For now, I don’t plan to add too much inside NewKet.lean; I will start by adding what I have in the file I sent above into the isolated NewKet.lean, and I think similar construction (gonna be the same as Braket.lean, I believe it's gonna be fast because we have the old one as good guidance) can begin in the isolated file.

Does that sound good to you? I can push the first draft of NewKet.lean once everything compiles cleanly.

Alex Meiburg (Nov 04 2025 at 00:38):

Mm, I guess I feel like it's not good to have a second file and stuff. if you feel it's too tough to get all those other changes (like Ket.apply) then let's just skip the deprecation and go straight to the new one.
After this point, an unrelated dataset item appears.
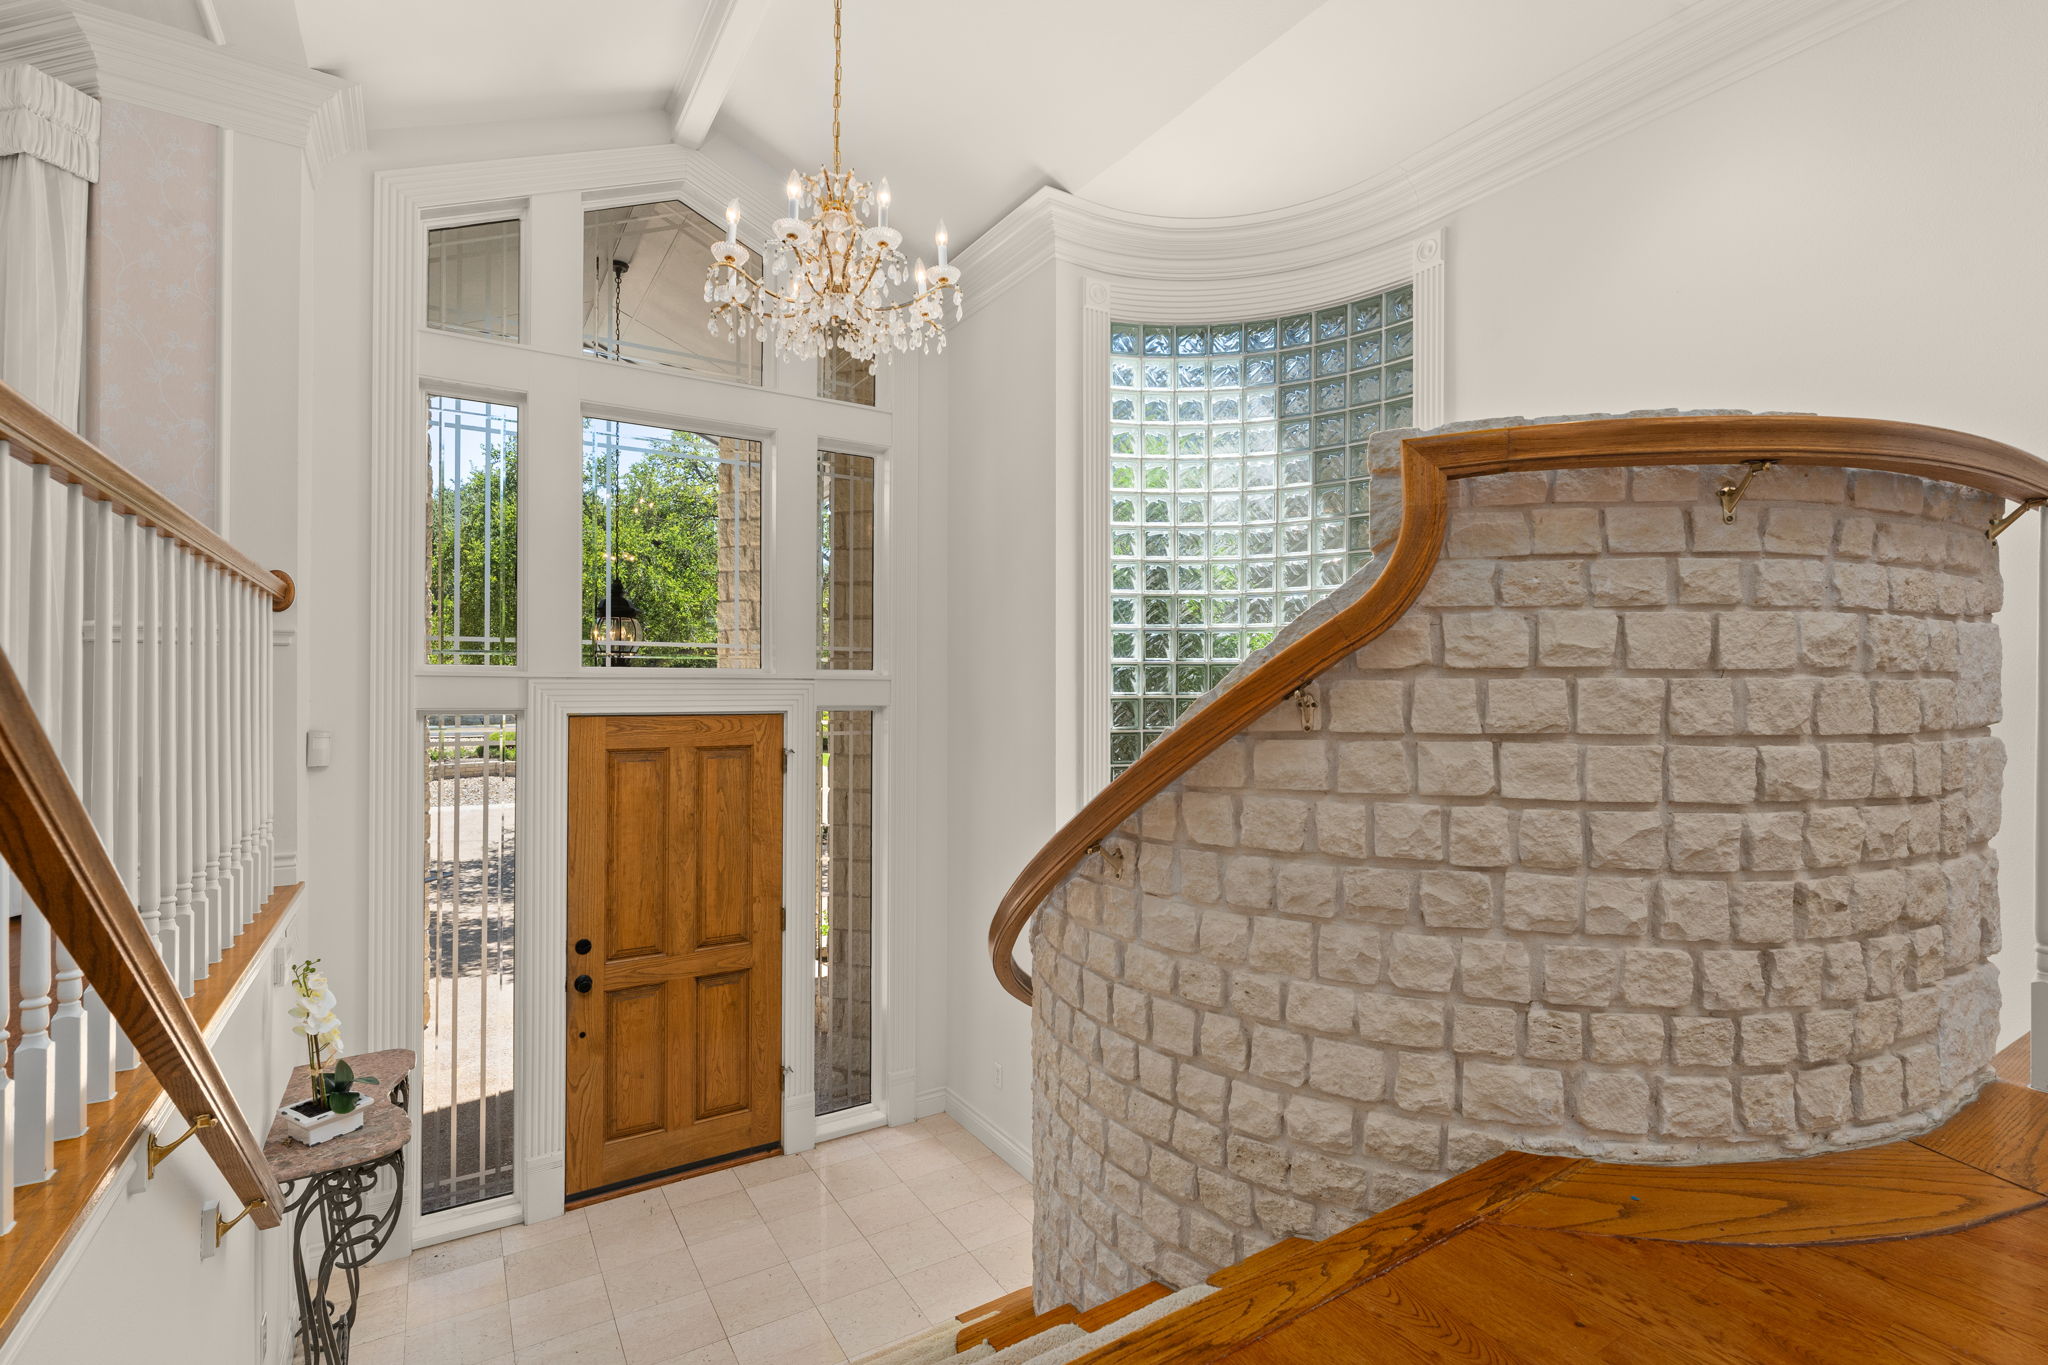 Entry into this home with huge wall of block glass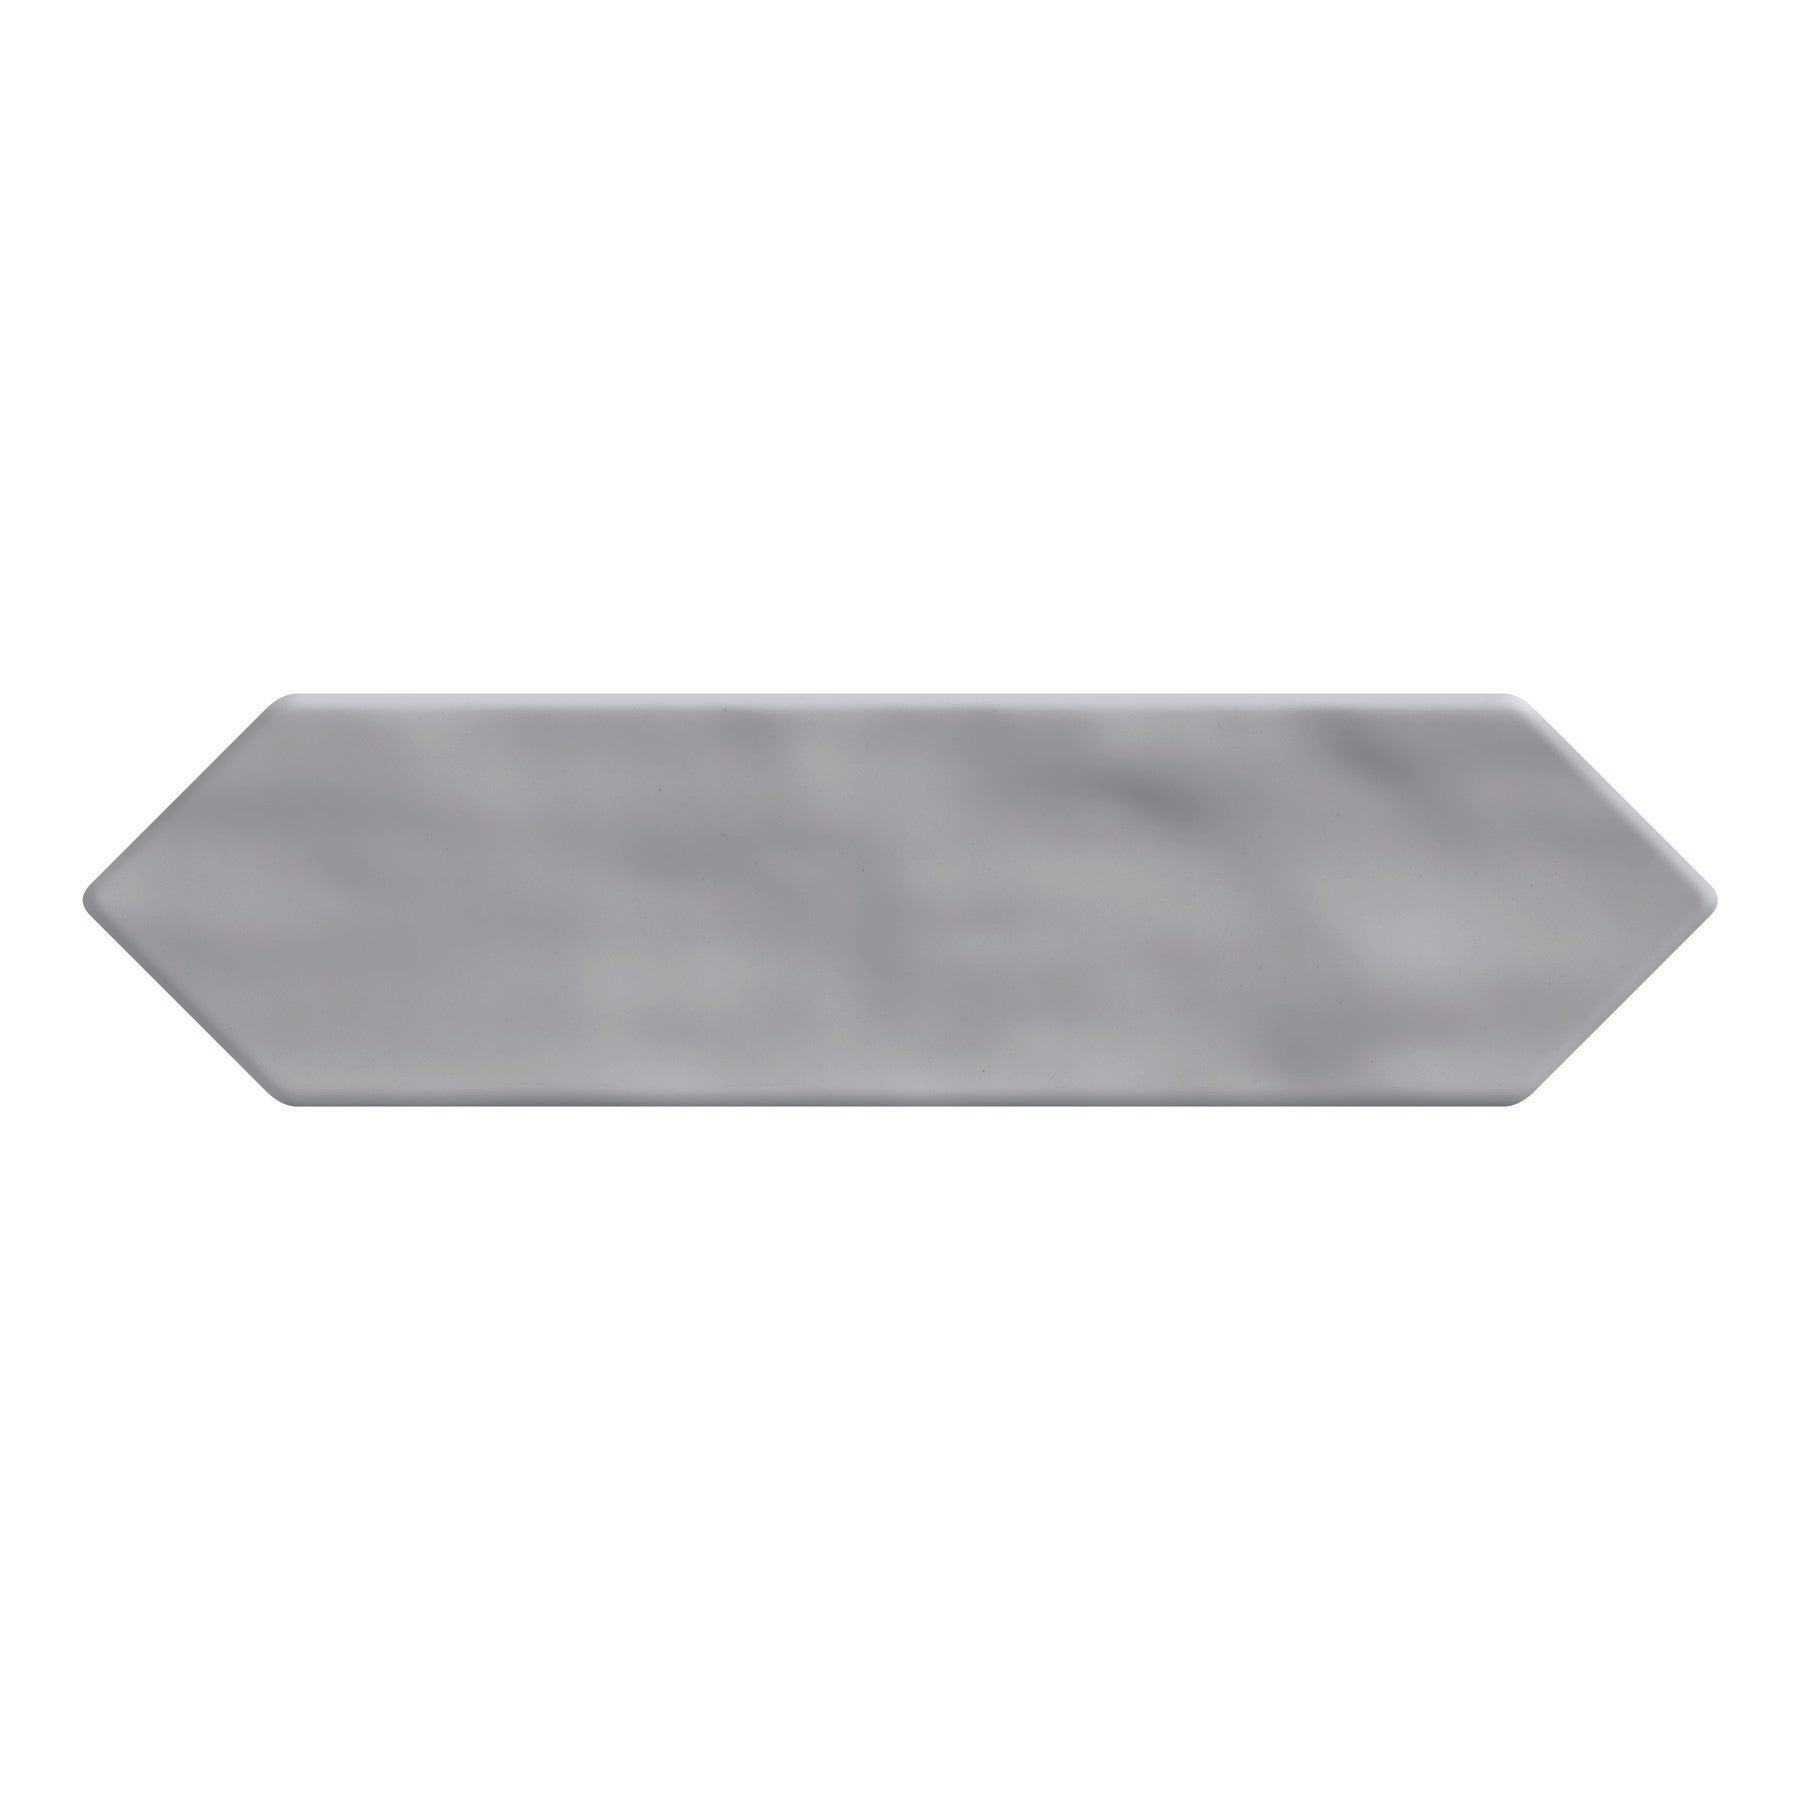 Daltile - Stagecraft - 3 in. x 12 in. Picket Wall Tile - Matte Desert Gray X714

You can make the PR, it will have a lot of code not working, that's ok. I'll take a look

Ruize Chen (Nov 04 2025 at 01:21):

Ah got it — just to explain a bit what I was trying to do:
I mainly wanted to update optKet in a “smarter” way, basically to directly write the Euclidean version that works with both Unitary and Braket.
That’s why it really needed its own file — it sits between the two and would easily cause dependency cycles otherwise.

While doing that, I realized the Braket side itself also needed to be Euclideanized, so I added a minimal KetEuc definition just to make optKet compile cleanly and test the setup.

The idea was never to maintain two versions permanently — just to isolate the new logic until it’s good enough to replace the old one entirely.

If you’d prefer doing the replacement directly inside the same file instead, I can take care of that — I’ll just use a regex pass to systematically rename all Ket to KetOld in Braket.lean to the new version.
I’ll likely do that tomorrow once I’ve confirmed everything still builds properly.

Alex Meiburg (Nov 04 2025 at 02:44):

Sure, yeah. Let's just skip the KetOld completely and just remove it right away.